FIG. 10 is a circuit diagram showing a conventional driving circuit for driving a printhead.

As shown in FIG. 10, n (n is a positive integer) AND gates 2-1, 2-2, 2-3, 2-4, . . . , 2-n are arranged for n (n is a positive integer) electrothermal energy transducers 1-1, 1-2, 1-3, 1-4, . . . , 1-n, respectively. Each of the AND gates 2-1, 2-2, 2-3, 2-4, . . . , 2-n receives a block selection signal (HE0, HE1, BE0 (BE0_0, BE0_1)) corresponding to sequential block driving of the electrothermal energy transducers 1, a printing data signal (IDATA), and an energization time setting signal (HC).

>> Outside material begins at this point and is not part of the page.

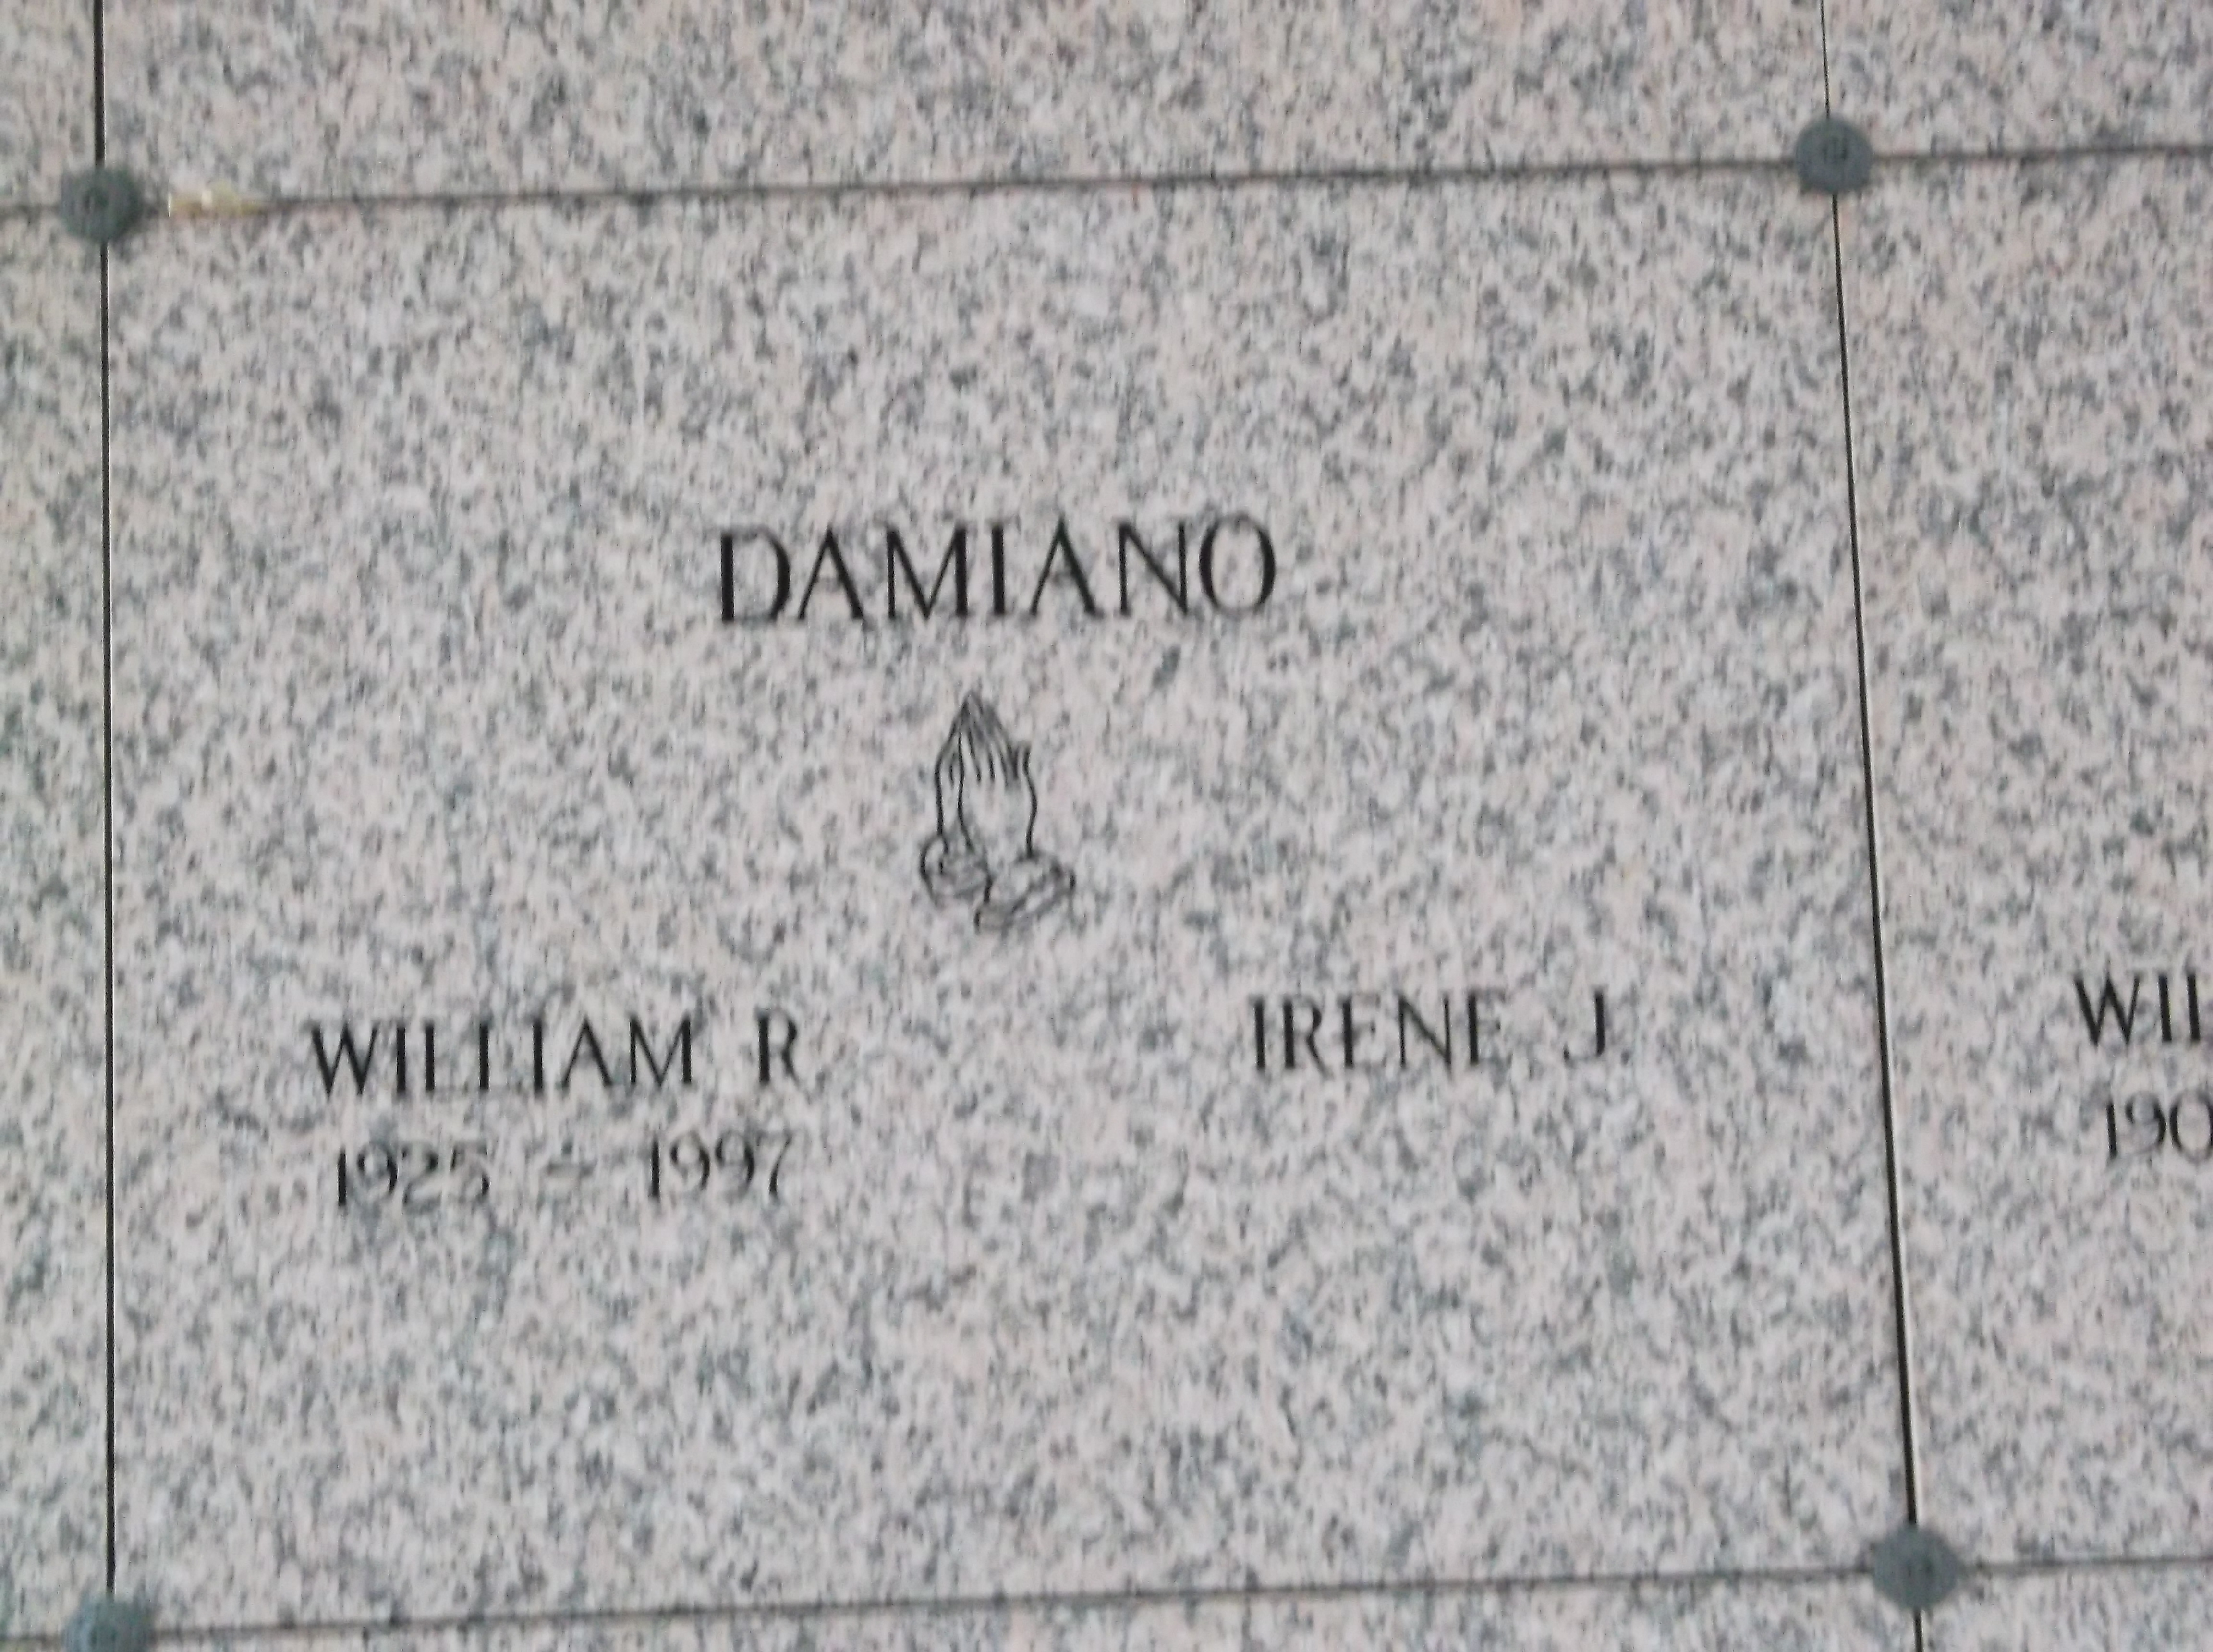 William R Damiano

Printing data (IDATA) equal in the number of bits to the electrothermal energy transducers 1-1, 1-2, 1-3, 1-4, . . . , 1-n are sequentially transferred to a shift register 4 of a printing data supply unit 40 in synchronization with a printing data transfer clock (DCLK). After all the data are input, they are read in a latch circuit 3 in response to input of a latch signal (DLAT).

Block selection signals (HE0, HE1, BE0 (BEO_0, BE0_1)) corresponding to sequential block driving of the electrothermal energy transducers 1-1, 1-2, 1-3, 1-4, . . . , 1-n are input. Only while the energization time setting signal (HC) is ON, the printing data (IDATA) are selectively supplied to the electrothermal energy transducers 1-1, 1-2, 1-3, 1-4, . . . , 1-n. Then, ink is discharged from orifices by the action of bubbles generated by thermal energy.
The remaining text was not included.